My life as a tree Marissa Stoffer The second in a series of excerpts from student papers, this article is extracted from Marissa Stoffers’ dissertation, submitted for the Masters in Painting at the Royal College of Art, class of 2020. We are grateful to Marissa for sharing her work. If you have a past paper you would like to share, please contact us at herbologynews@gmail.com.

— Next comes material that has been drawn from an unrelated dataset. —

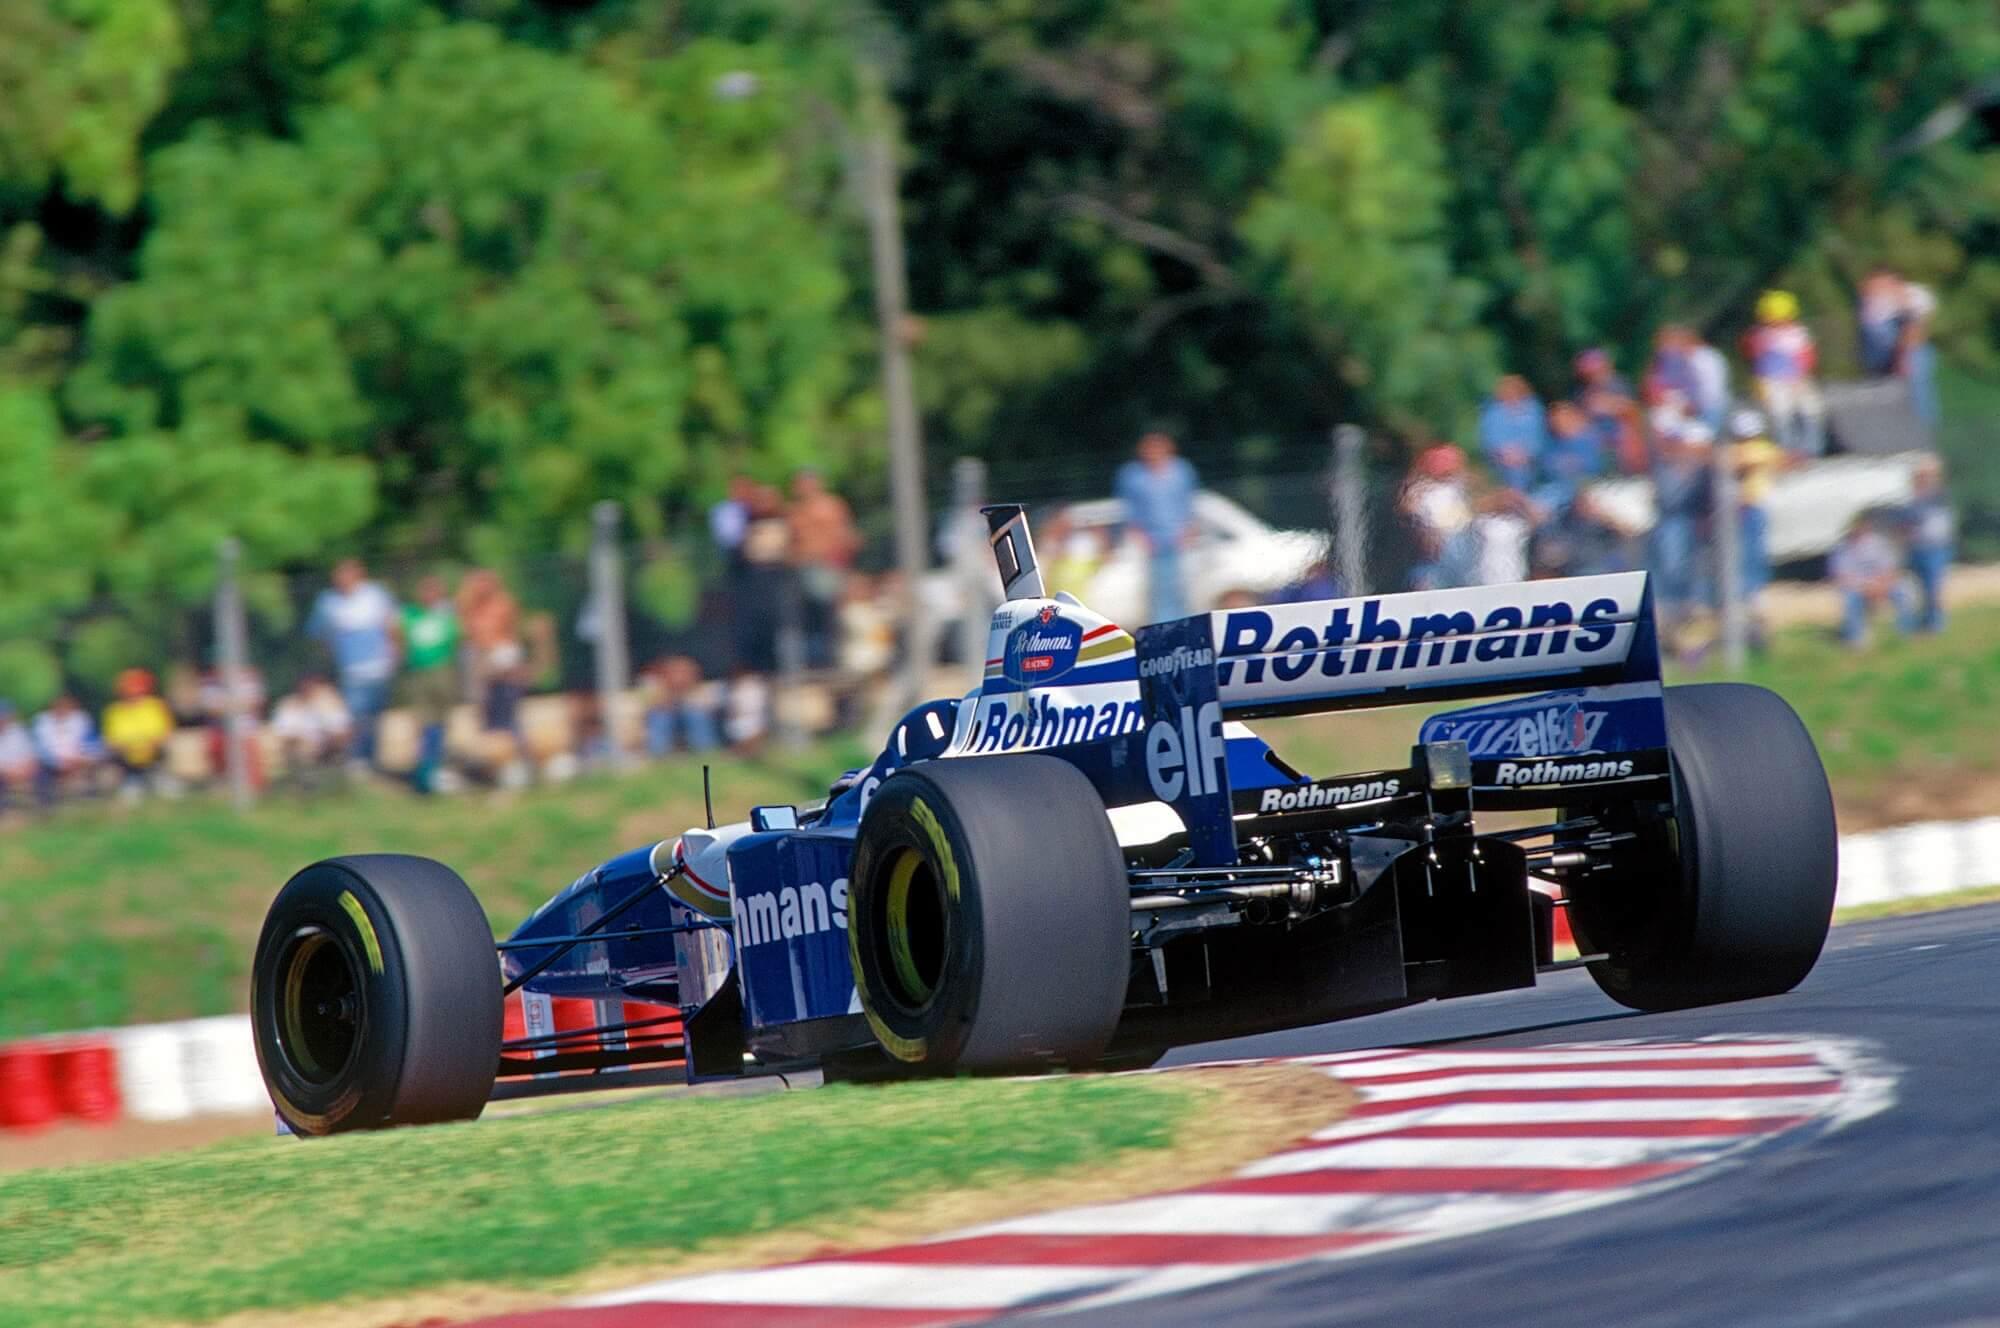 Williams Jaques Villeneuve

It is -20°C, January, Finland. I am numb but my mind feels clear after so many thoughts. Ctrl-Alt-Delete. Refresh. I walk... Like the frozen forest I am standing in, I am frozen— literally and creatively. I have come here to make art, or at least think about art for the first time in a year. As an artist, I have come to question the very act of making, the materials I use, and the energy consumed for those materials. I believe it is important to unpick how we relate to the world around us because this affects how we live and act— our politics, our beliefs and ultimately our individual and collective impact. This is the ‘human-dominated, geological epoch’ (Crutzen, 2002)— the Anthropocene; a time that stretches further back than we think. If you search the internet for ‘world’s biggest environmental problems’, the top four categories are: deforestation, soil retrogression/degradation, human overpopulation, and extinction. The Western world has been in a coma of consumerism since the industrial era. But anthropocentrism and the mechanisation of the mind and body began much earlier than this. For several hundred years the dominant orthodoxy has implicitly assumed that inanimate things are fundamentally devoid of mental qualities. This view has become integrated into our science, our literature, and our arts. Ultimately it has incorporated itself into our deepest social values, and thus

become reflected in our collective actions. We treat nature as an impersonal thing or collection of things, without spontaneity, without intrinsic value, without rights of any kind. Natural resources, plant and animal species have been exploited for maximal shortterm human benefit. These are mindless entities, deserving of no particular respect or moral consideration. They exist to be collected, manipulated, dissected, and remade. (Skrbina, 2017:265) And God said to them, “Be fruitful and multiply and fill the earth and subdue it and have dominion over the fish of the sea and over the birds of the heavens and over every living thing that moves on earth.” Genesis 1:281 This is the problem. I will argue that the answer is kinship. It is biodiversity, heterogeneous, multi-faceted and inclusive. It is weird, dreamy, and refers to the mythological— yet it is practical and ecological. It evokes the Animistic. The concept of Animism engages philosophical concepts of the soul and what it means to be alive. It is derived from the Latin word anima, meaning breath, life or spirit. As a term, it is wide-reaching and varies depending on culture and environment, but what remains coherent across cultures, is that Animism is both a concept and a way of relating to the world (Swancutt, 2019). It involves attributing sentience to animate and inanimate objects, including animals, the environment, plants, spirits, or even technological items such as computers, cars and robots. Western popularisation of the term was engineered by anthropologist Edward B. Tylor in his most noted work, Primitive Culture (1871), but Tylor borrowed it from eighteenth-century chemist George Ernst Stahl, who proposed ‘that spirits or souls of living things or beings control physical processes in the body’ (Swancutt, 2019).